Sensitivity Analysis of the Consistency Assumption
Brian Knaeble, Qinyun Lin, Erich Kummerfeld, Kenneth A. Frank
TL;DR
This work addresses violations of the consistency assumption in causal inference by developing a two-stage sensitivity analysis that separates background confounding from hidden versions of treatment using stochastic potential outcomes defined on filtered probability spaces.
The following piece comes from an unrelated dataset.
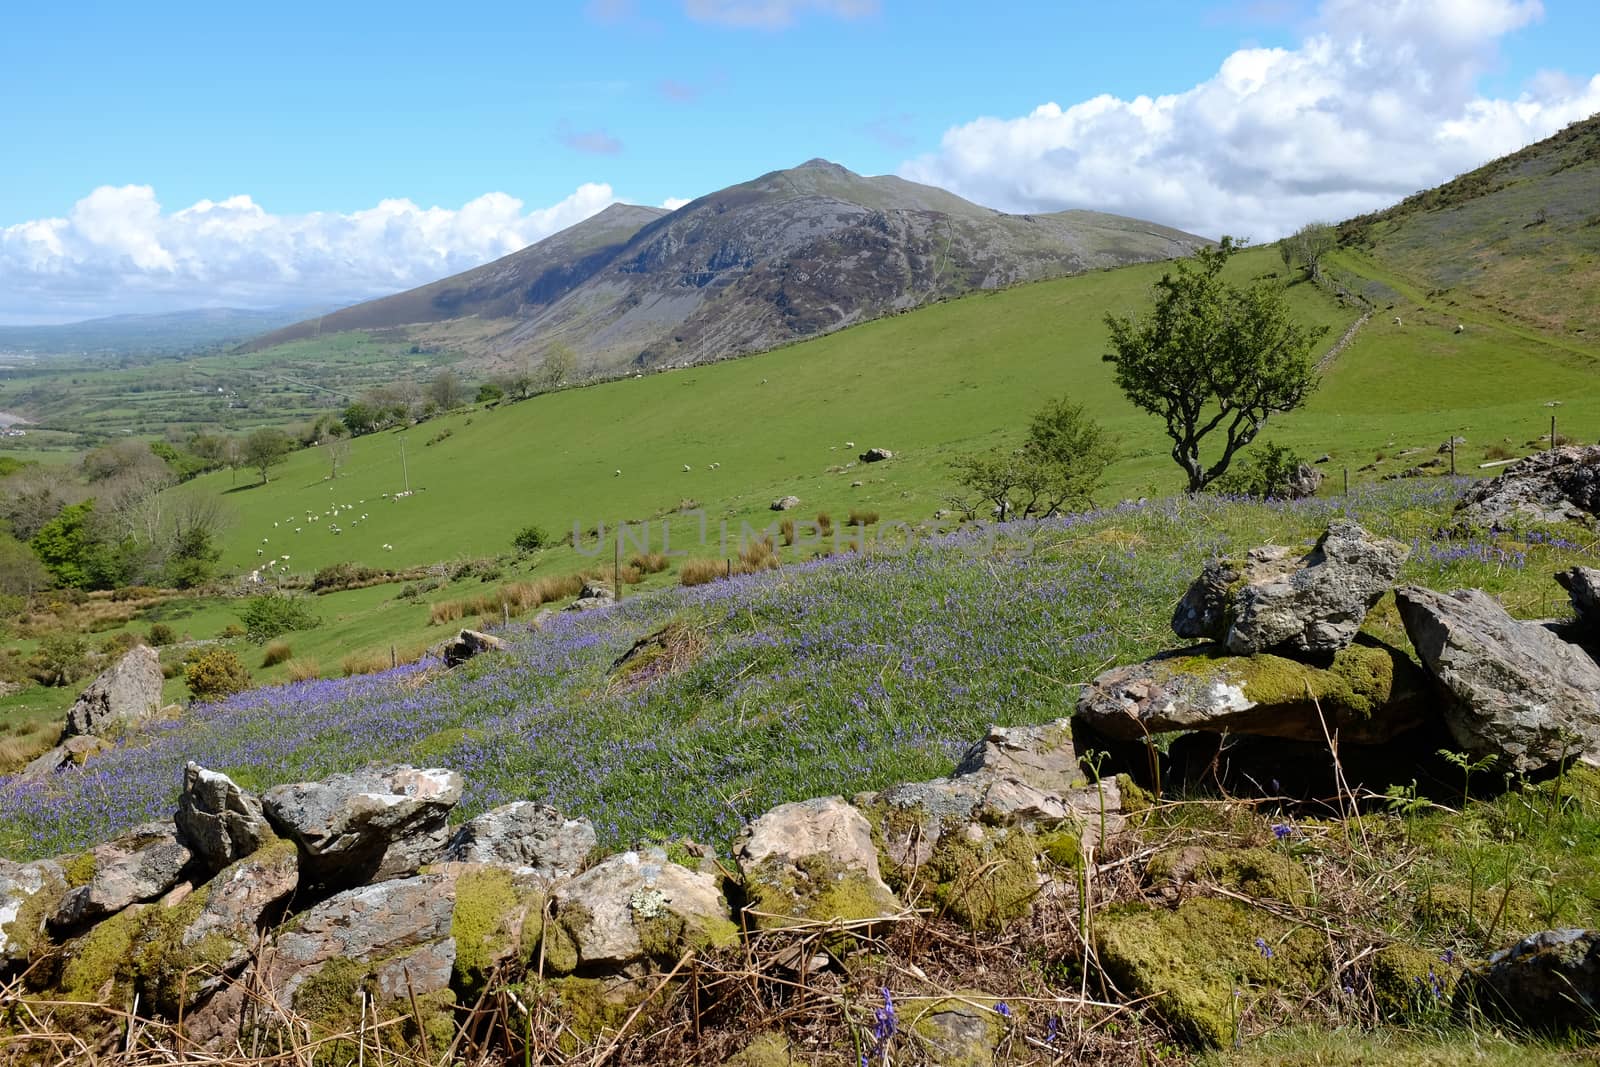 A stone wall and bluebells lead to grazing land with the mountain Gyrn Ddu against a blue sky in the distance. Lleyn peninsular, Wales, UK.

It introduces a novel bias parameter $K$ for version confounding and entropy-based bounds $f$ and $g$ for background confounding, yielding partial identification of the estimand $\tau$ via bounds $(L,U)$ on $\psi$ adjusted by $K$ (i.e., $L-K<\tau<U-K$). The methodology is demonstrated through three applications (golf, marijuana and hard drug use, and vaccine effectiveness) to illustrate how hidden versions and co-interventions can bias conclusions and how to calibrate bias and uncertainty in practice. Compared with instrumental-variable or intention-to-treat approaches, this framework provides a transparent, data-driven way to assess robustness to consistency violations and to quantify the potential impact of unobserved treatment versions on causal estimates.
Abstract
Sensitivity analysis informs causal inference by assessing the sensitivity of conclusions to departures from assumptions. The consistency assumption states that there are no hidden versions of treatment and that the outcome arising naturally equals the outcome arising from intervention. When reasoning about the possibility of consistency violations, it can be helpful to distinguish between covariates and versions of treatment. In the context of surgery, for example, genomic variables are covariates and the skill of a particular surgeon is a version of treatment. There may be hidden versions of treatment, and this paper addresses that concern with a new kind of sensitivity analysis. Whereas many methods for sensitivity analysis are focused on confounding by unmeasured covariates, the methodology of this paper is focused on confounding by hidden versions of treatment. In this paper, new mathematical notation is introduced to support the novel method, and example applications are described.